To quote Shaggy, “Zoiks!” The past two or three weeks have been hell on earth for me, writing-wise. I’d reached the midpoint of my novel, and with that came the inevitable slump. I had zero energy, zero motivation, and, worse, zero ideas of how to transition one scene into another. Or more like one event into another. It sucked. Sucked.

Benevolent forces seemed to have waited till Valentine’s Day – yeah, one of my least favorite days of the year (bathroom cleaning days being the supreme king in the Sucky Day universe) – to show mercy. Somehow something clicked, I was able to work an unplanned event into the story, and now things are once again back on track. So good times are ahead, finally.

I don’t know how other writers manage it, frankly. Digging deep inside oneself for the flimsiest scrap of inspiration (motivation?) to keep him fueled for one more writing day…
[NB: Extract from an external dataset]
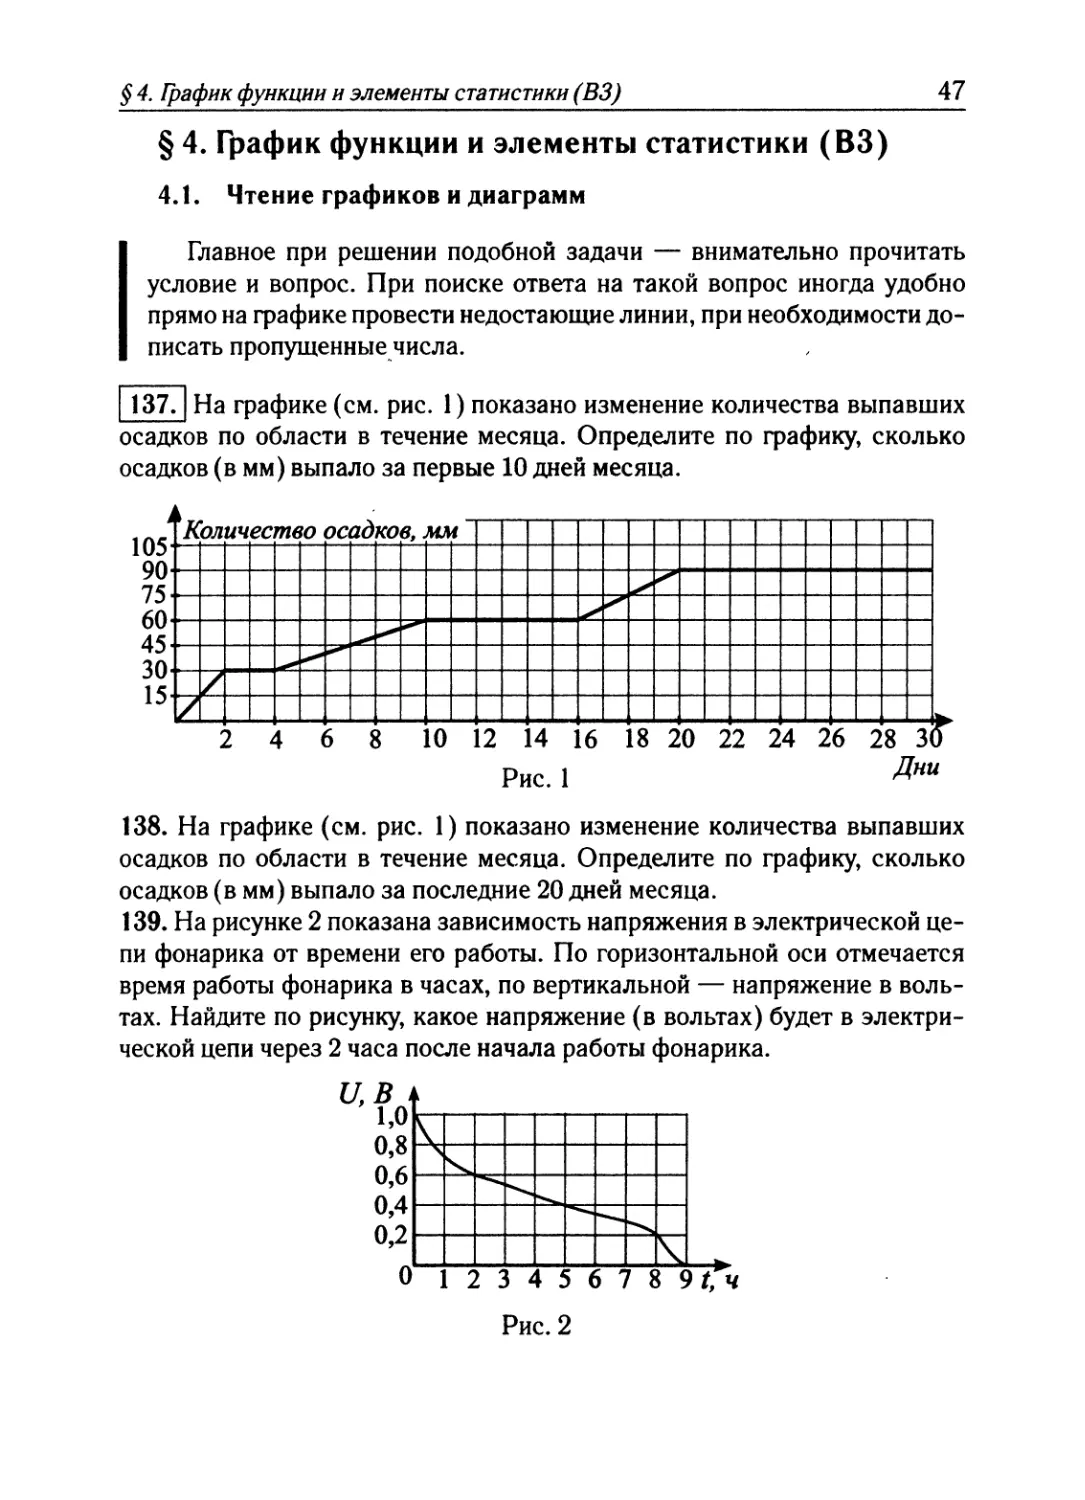 § 4. График функции и элементы статистики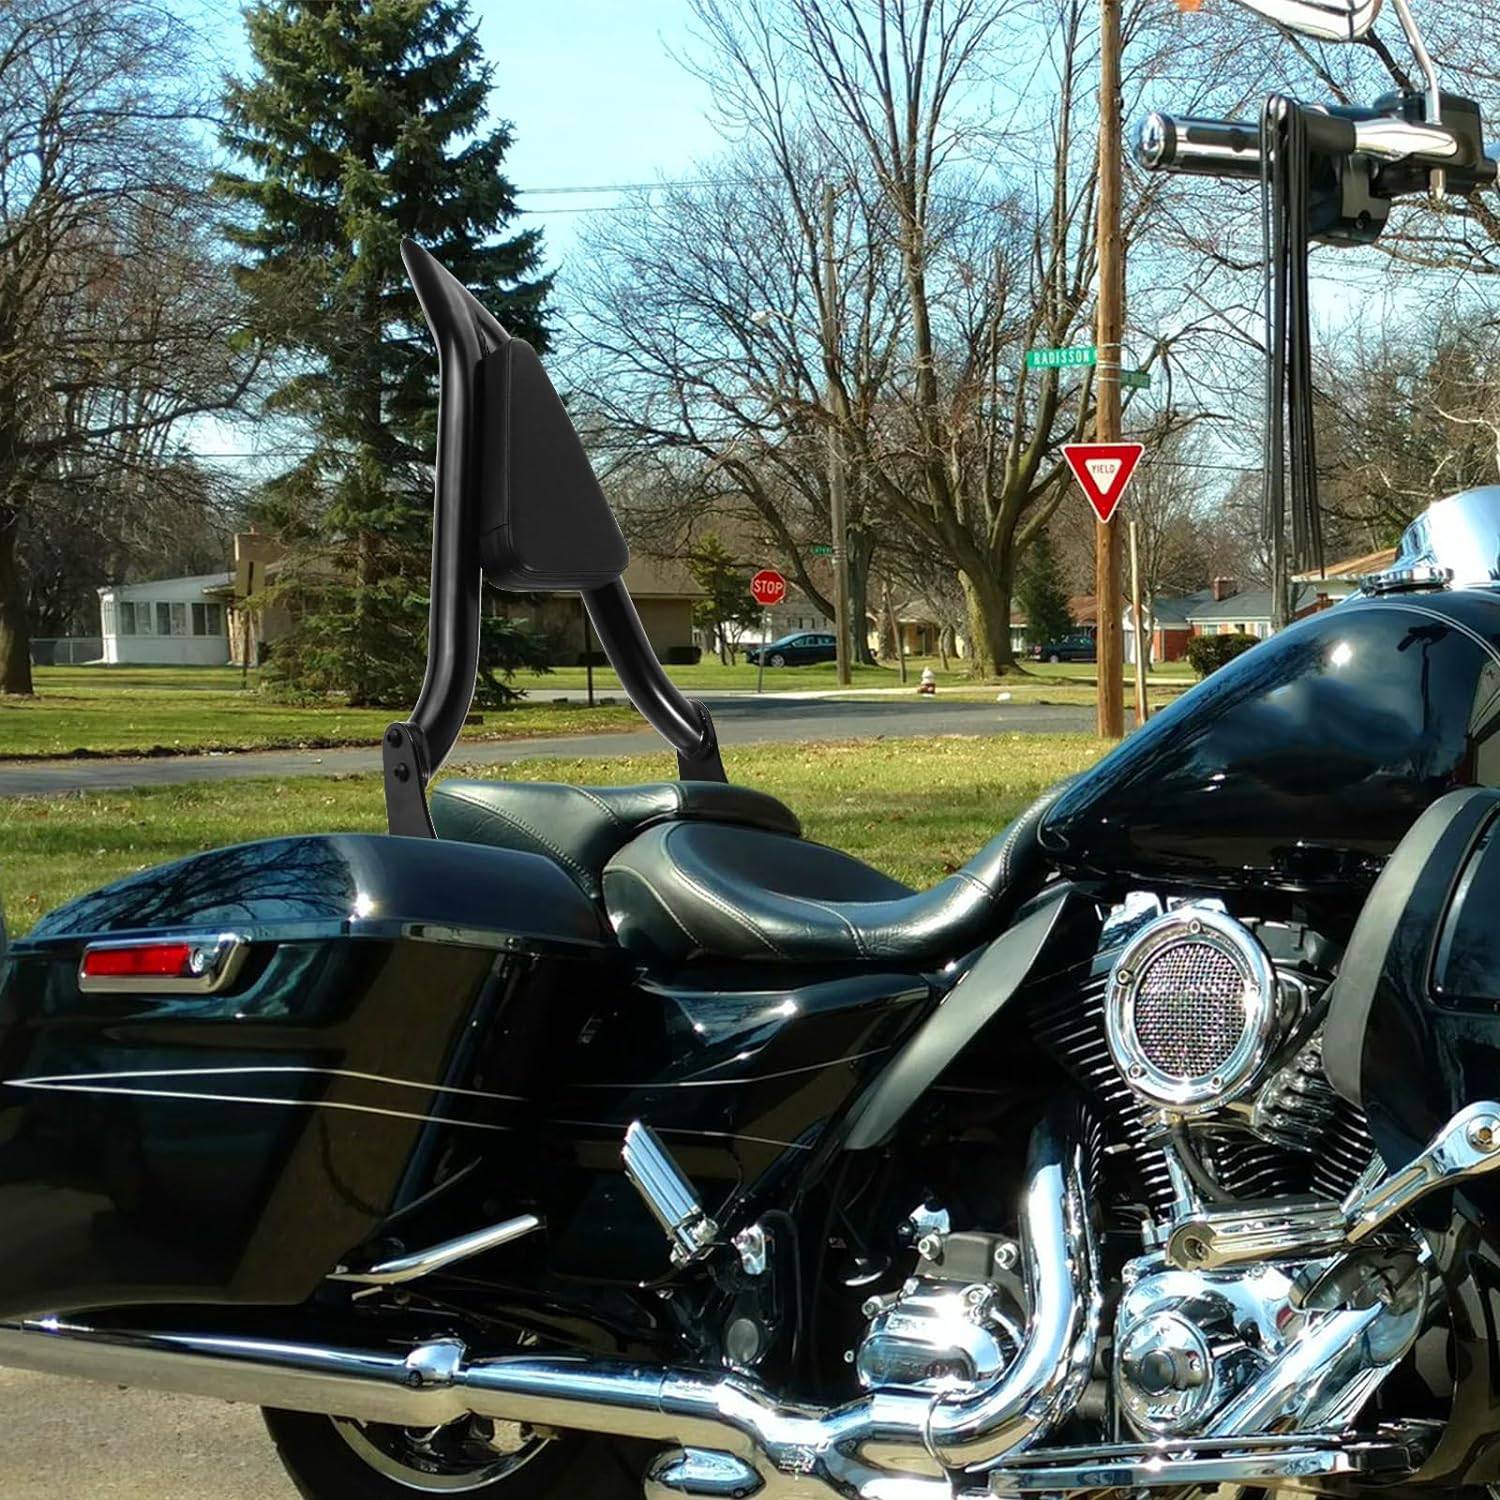 Harley Davidson Road King Detachable 16\" Sissy Bar with Pointed Backrest

And to keep doing that throughout the dreaded slump…

What gets me the most, though, is the fact that I write for an obscure niche (again, contemporary coming-out novels are the bread-and-butter of the LGBT YA market – even better if they’re published by big, mainstream presses), and it’s incredibly difficult keeping the faith through this slump, knowing that the finished product will remain unacknowledged by the vast majority of readers and reviewers because of that belief in what defines the status quo in this market.

This isn’t a self-pitying post. Far from it. I’m well aware of my standing in the LGBT YA market, and I’ve long reconciled myself to the fact that no amount of effort on my or my publisher’s part would change other people’s perceptions of what should be considered “legitimate” genres for gay teen readers.

But the knowledge that all this time and hard work spent on a book that’ll remain way under the market’s radar remains a bitter pill to swallow. Much more bitter, I wouldn’t be surprised, than what a writer of contemporary coming-out novels deals with throughout the writing process. So whenever the midpoint slump comes around to bite me in the ass, the effects are a lot more magnified and more difficult to cope with.

Have I thought about quitting? Actually, yeah – I have. More times than anyone will ever know. At the same time, I end up reminding myself that quitting would be cowardice on my part, and I should keep doing what I’m doing till I’m all out of ideas or simply fall out of love with my kind of stories. Maybe it’s foolish; maybe it’s noble. Who knows? All I’m aware of at present is how awful it can be, being slapped around with bitter truths, when I’m at my lowest point during the writing process.

Digging deep inside for that extra bit of motivation is excruciating.